If after the recent months off you feel the need to sort your summer sleep schedule in time for September then you are far from alone.A combination of late nights and late lie-ins tend to create a rather haphazard holiday sleep routine. While this might be relaxing and suitable for your time off, chances are you need a little more energy and subsequently sleep to get through those busy school weeks. For some advice on how to train yourself back into a routine check out our six top tips!
Create a routine
Consistency is key when it comes to setting any form of schedule and sleep is no different.
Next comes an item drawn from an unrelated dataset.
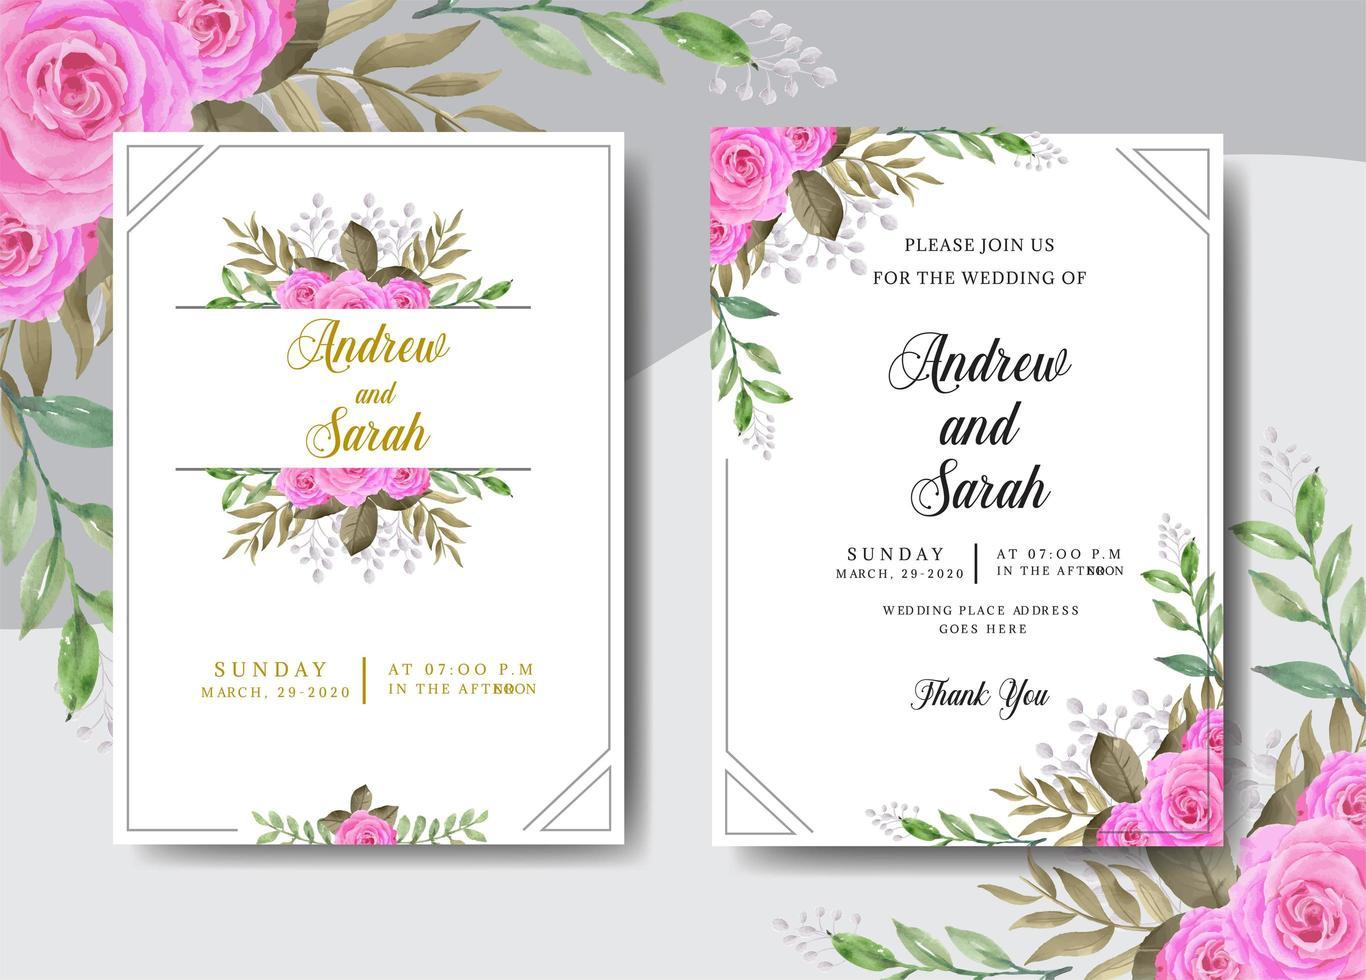 convite de casamento em aquarela com moldura vetor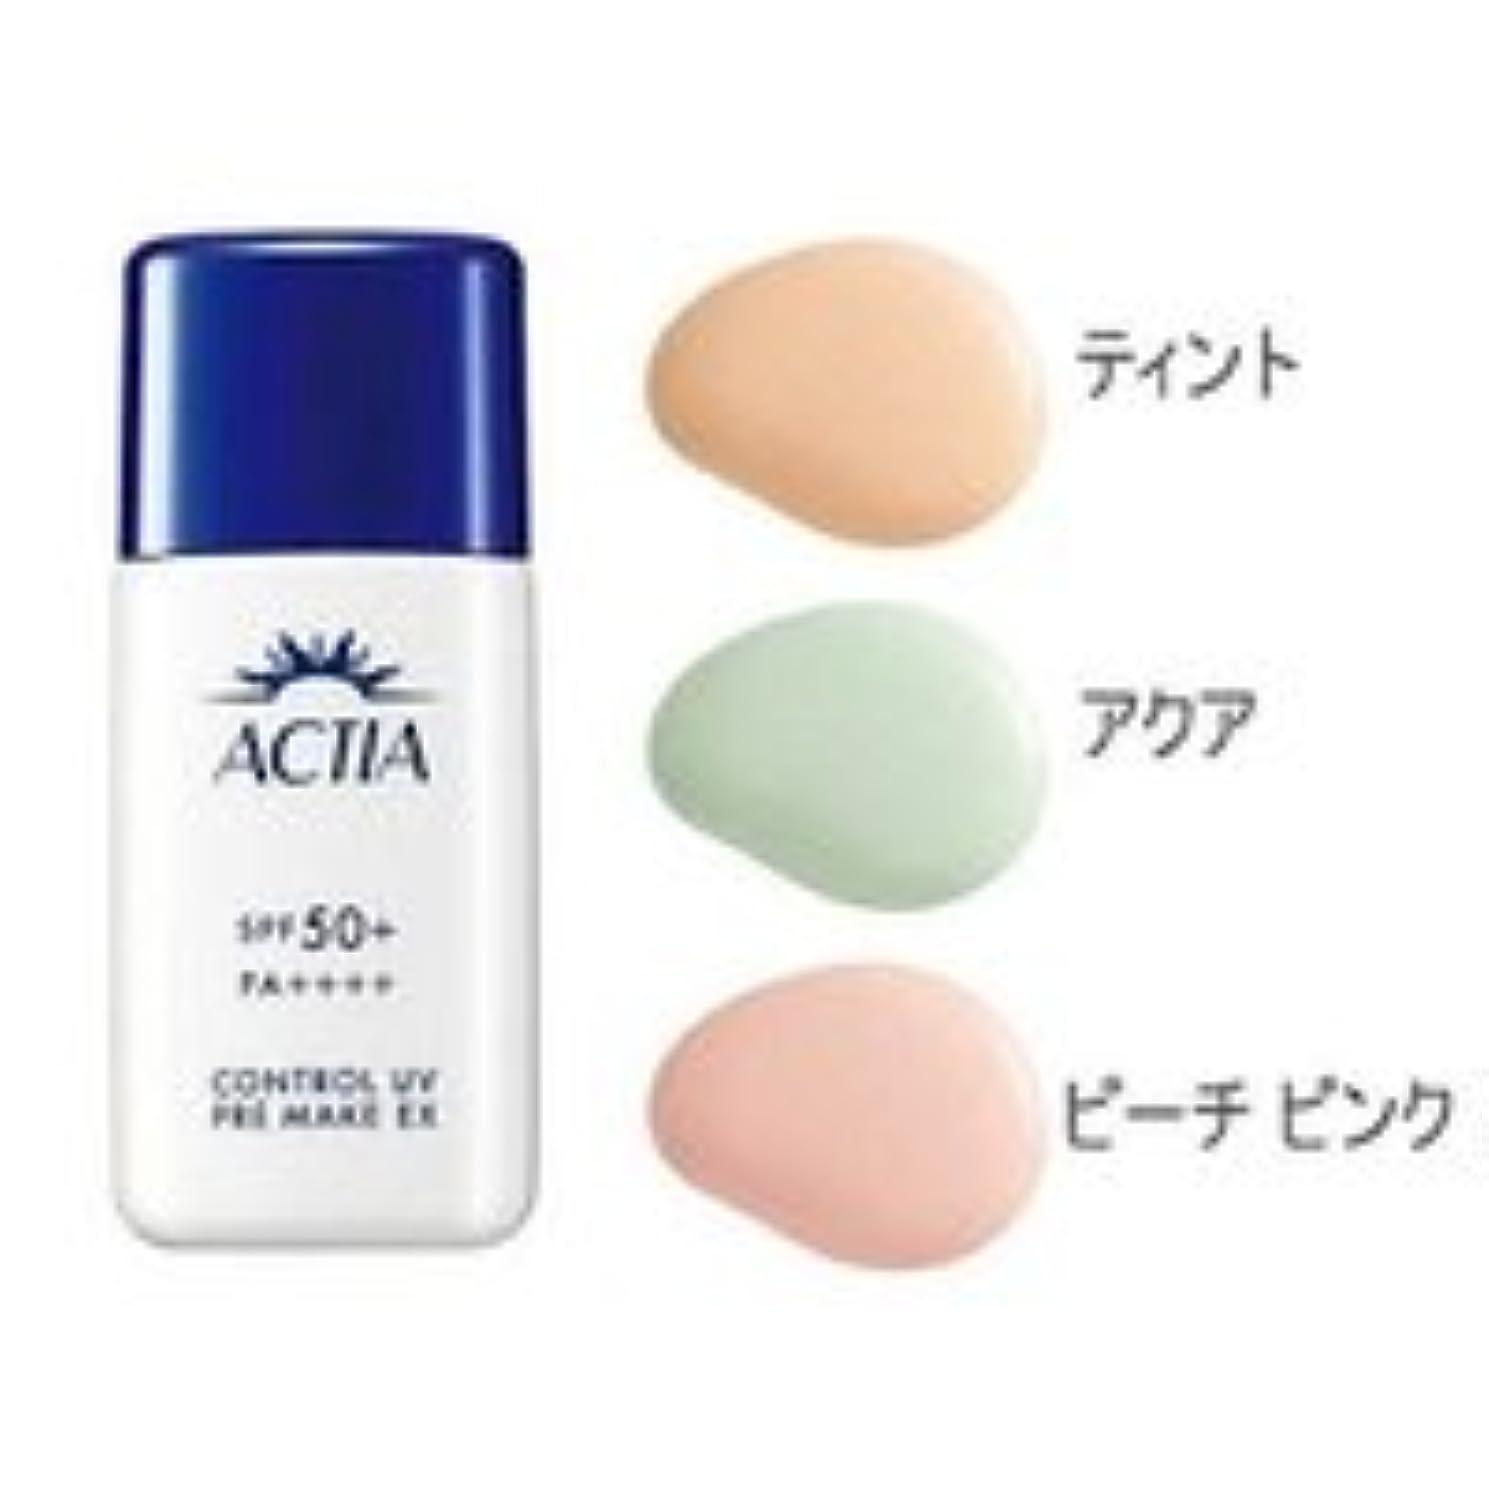 キーキャラクター方向エイボン (AVON) アクティア コントロール UV プレメイク EX 30ml (アクア)

Throughout the summer months it is likely that you have been both going to bed and waking up at varying times. To combat this, begin to settle your body and circadian rhythm into something that resembles the routine you will require once school returns. For maximum benefit aim to get into this routine for a few nights ahead of the return to school.
Calculate your hours of sleep
We are all well-versed in the general advice that teenagers require 8-10 hours of sleep per night. When setting a routine be aware of how many hours of shut eye you are truly getting. Going to bed for 10pm might sound like a great idea but be honest with yourself if you are not actually falling asleep until after midnight. Be realistic with your calculations so you can adjust them accordingly.
Don’t discount breakfast
With most of us getting up later during the summer we tend to eat our breakfasts later too. Not only will getting used to eating breakfast earlier help you get back into a routine, but it will also provide you with additional energy. Hunger or a lack of nutritious food can make you sluggish and add to any existing tiredness. Instead, a nourishing breakfast can help set you up for the day. And if you are looking for something new to try then check out our article for some tasty breakfast inspiration.
Cut out the coffee
Speaking as a coffee addict, I recognize that this is easier said than done! However, over the summer a combination of take-away drinks and the easy access to the kettle at home may be contributing to an increase in your caffeine intake. To break this automatic habit, try to reduce your coffee consumption throughout the day. Additionally, setting a time in the evening after which point you do not drink coffee will help improve the quality of any sleep you get that night.
Reduce evening technology use
The holidays usually involve far more time spent on our phones, often at the expense of our sleep. While this is a lecture usually reiterated by our parents there is undeniable truth to the concept. Primarily being on your phone into the late hours of the night will reduce how many hours of sleep you get. However, it will also negatively impact any sleep that you do obtain due to the effects of blue light.
Find a method to wind down
A return to a more school-suited sleep schedule is likely to involve going to bed earlier. If you find yourself struggling to fall asleep at an earlier time, consider activities that will help to calm your mind. Evening meditation or yoga stretches are great options to relax your body. Alternatively spending fifteen minutes in bed reading a book (not a kindle) will help calm your mind. Setting aside some time each evening to wind down after your day will prove beneficial once the chaos of term-time returns.
Do you have any tips to sort your summer sleep schedule in time for September?